*EXERCISE DATA:*
^^^^^^^^
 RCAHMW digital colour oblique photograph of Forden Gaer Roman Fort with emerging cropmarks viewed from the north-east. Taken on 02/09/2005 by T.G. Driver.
^^^^^^^^
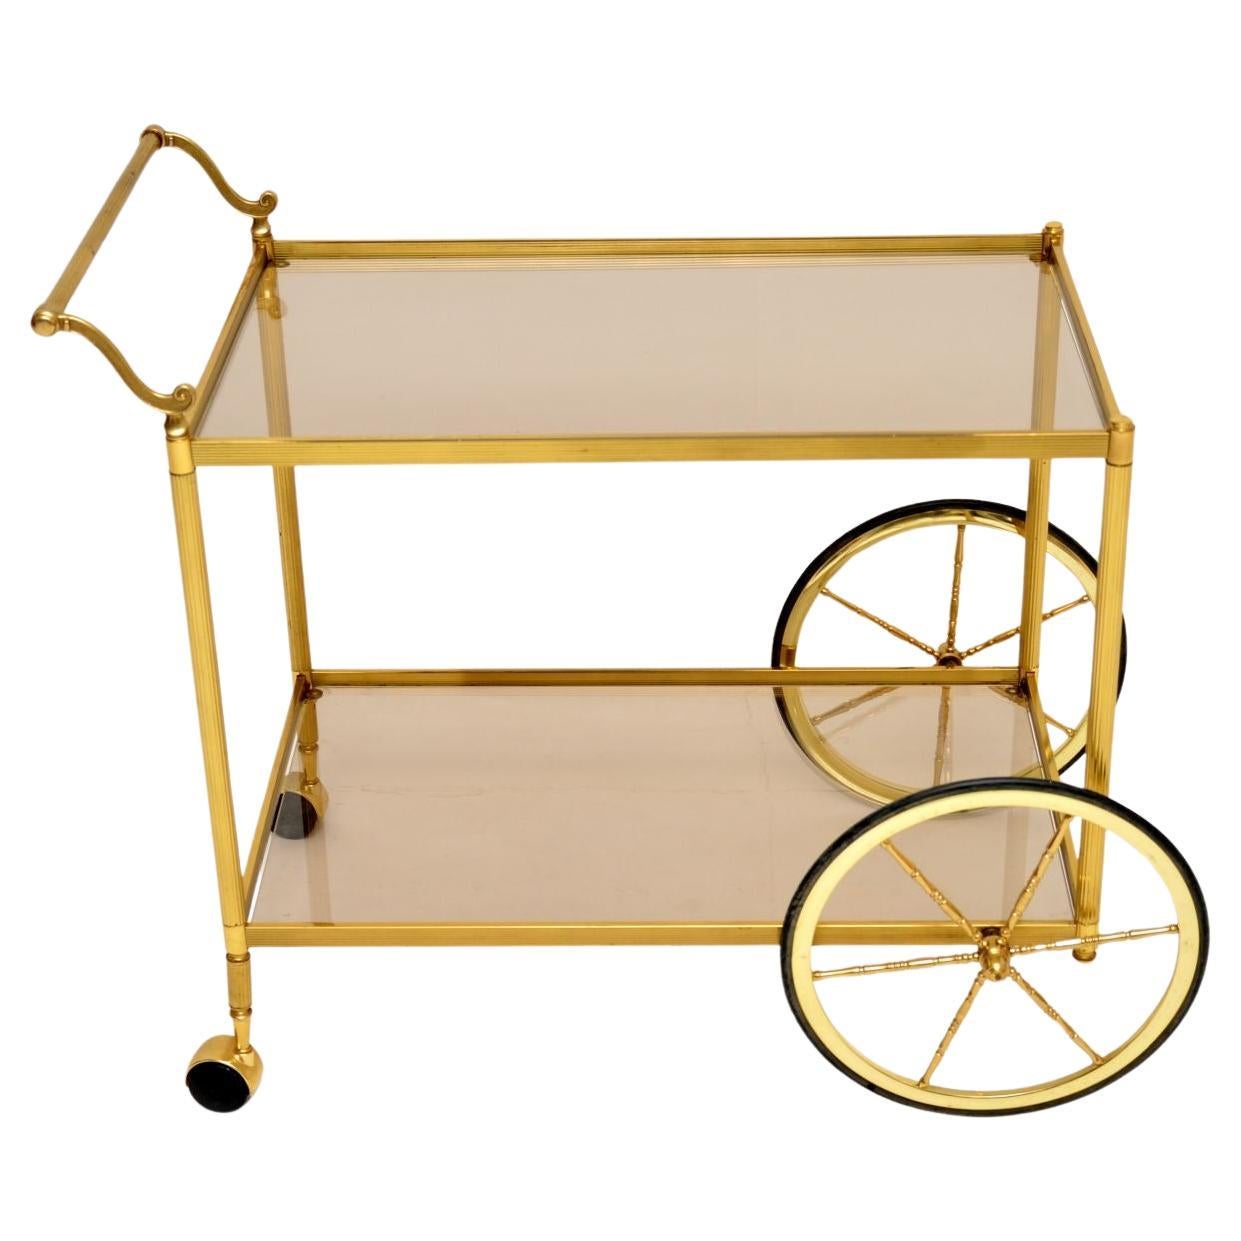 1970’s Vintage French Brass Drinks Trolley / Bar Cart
^^^^^^^^
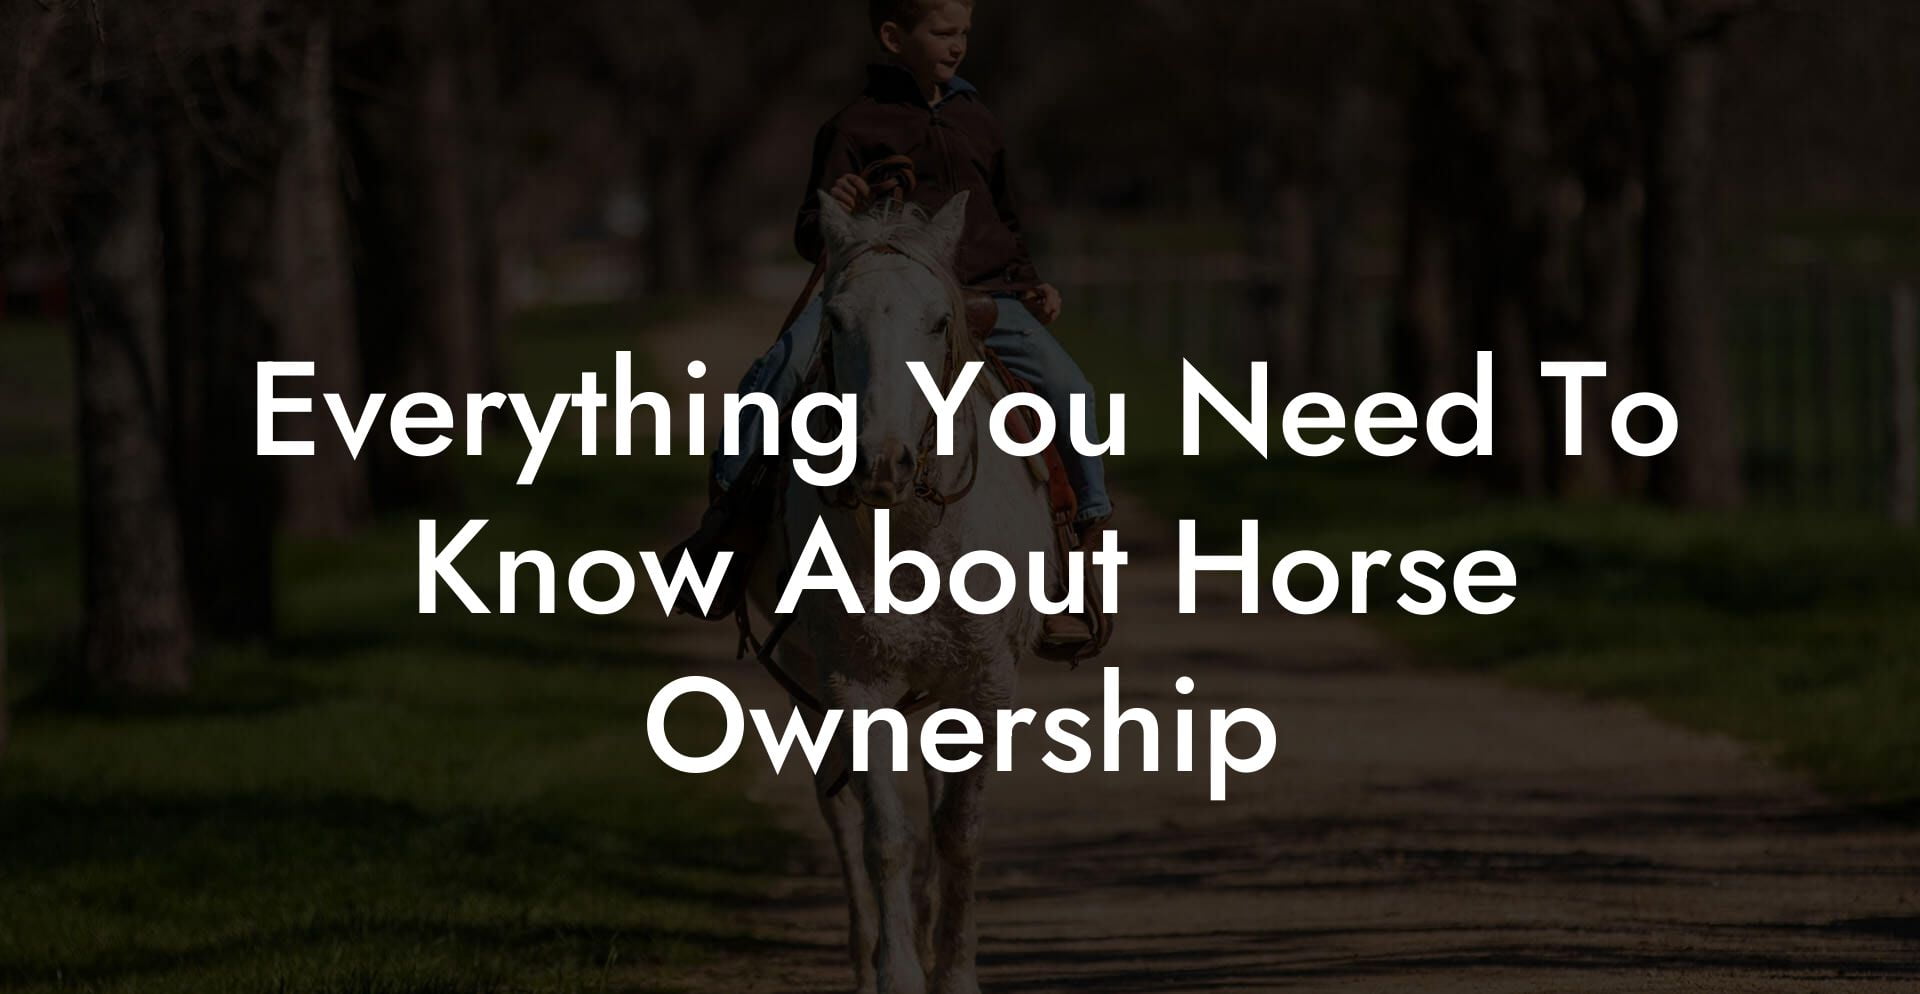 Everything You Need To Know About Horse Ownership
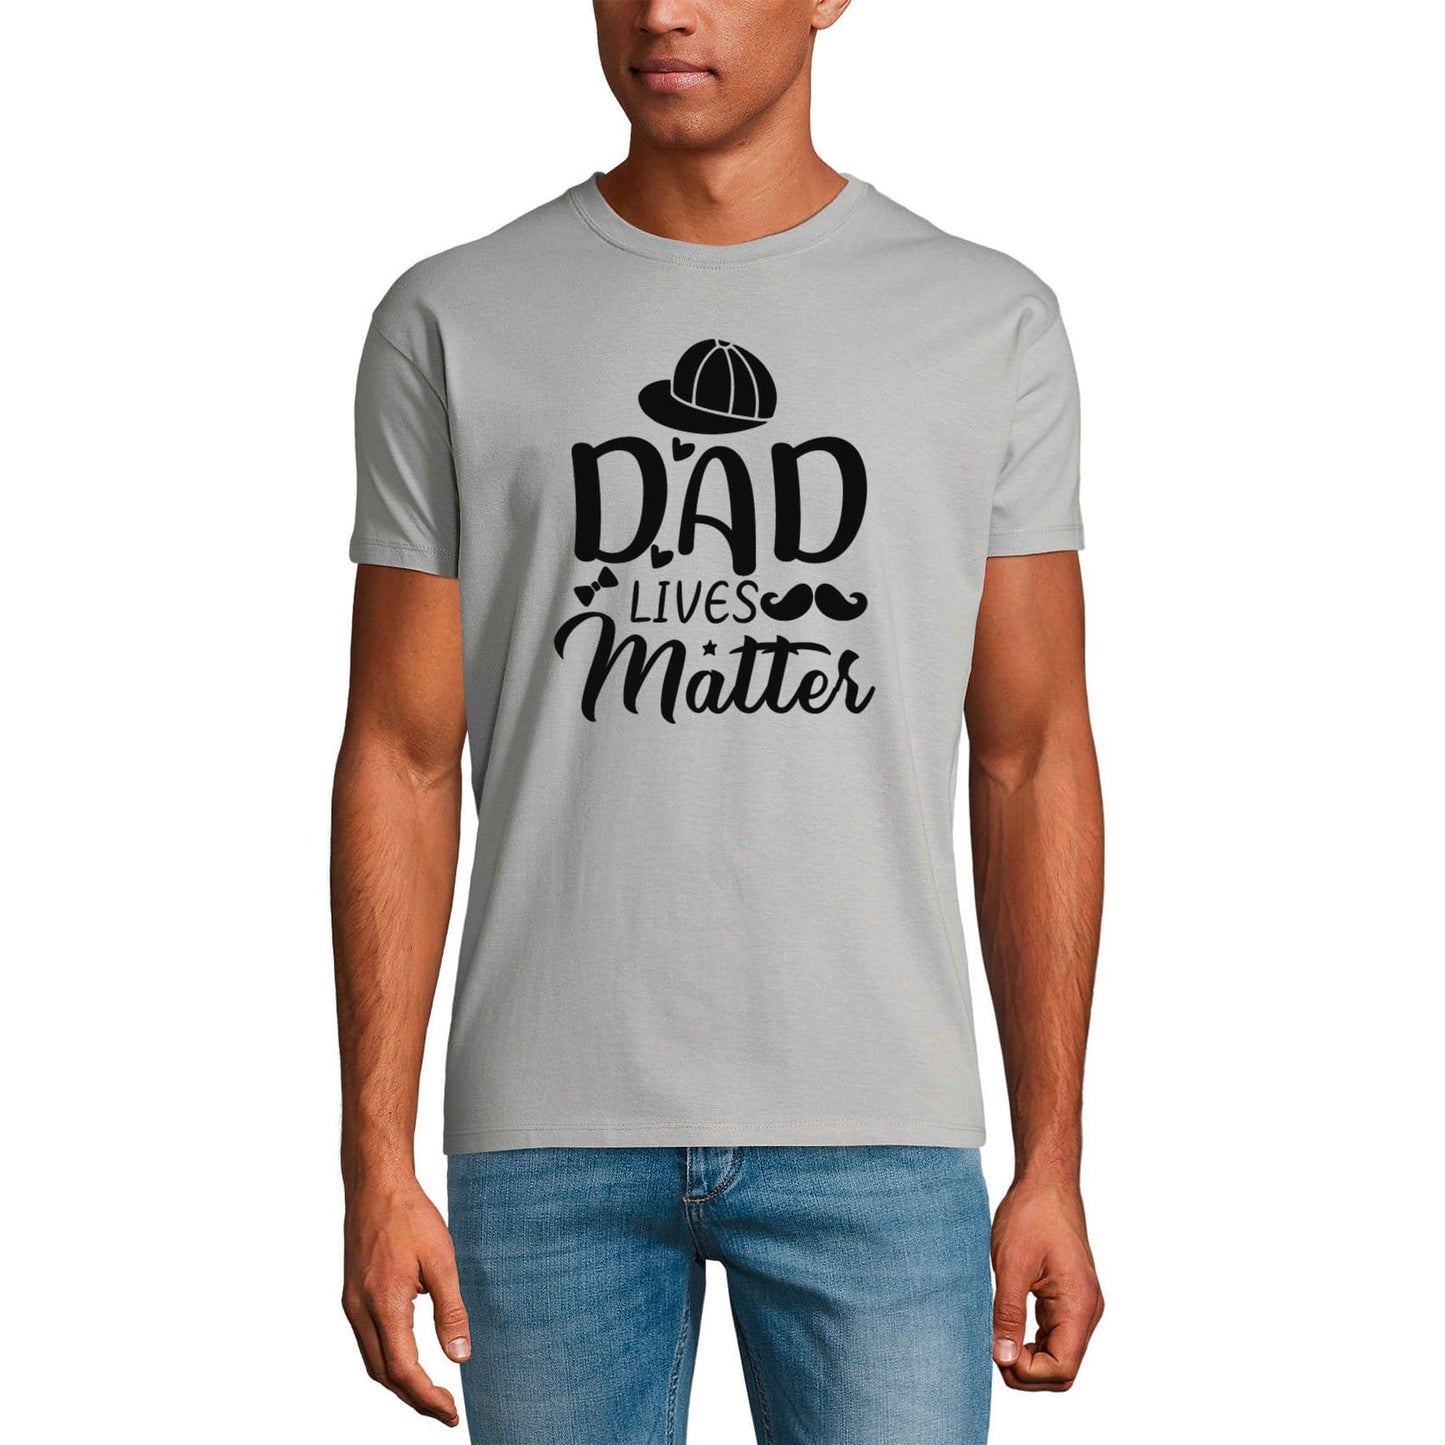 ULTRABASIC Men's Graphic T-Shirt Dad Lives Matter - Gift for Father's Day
^^^^^^^^
*EXERCISE DESCRIPTION:* From the material above, give again exactly the lines from the one that contains "Everything You Need" through the one that contains "ULTRABASIC Men's Graphic", and leave out the pictures.

*RESULT OF THIS EXERCISE:*
 Everything You Need To Know About Horse Ownership
 ULTRABASIC Men's Graphic T-Shirt Dad Lives Matter - Gift for Father's Day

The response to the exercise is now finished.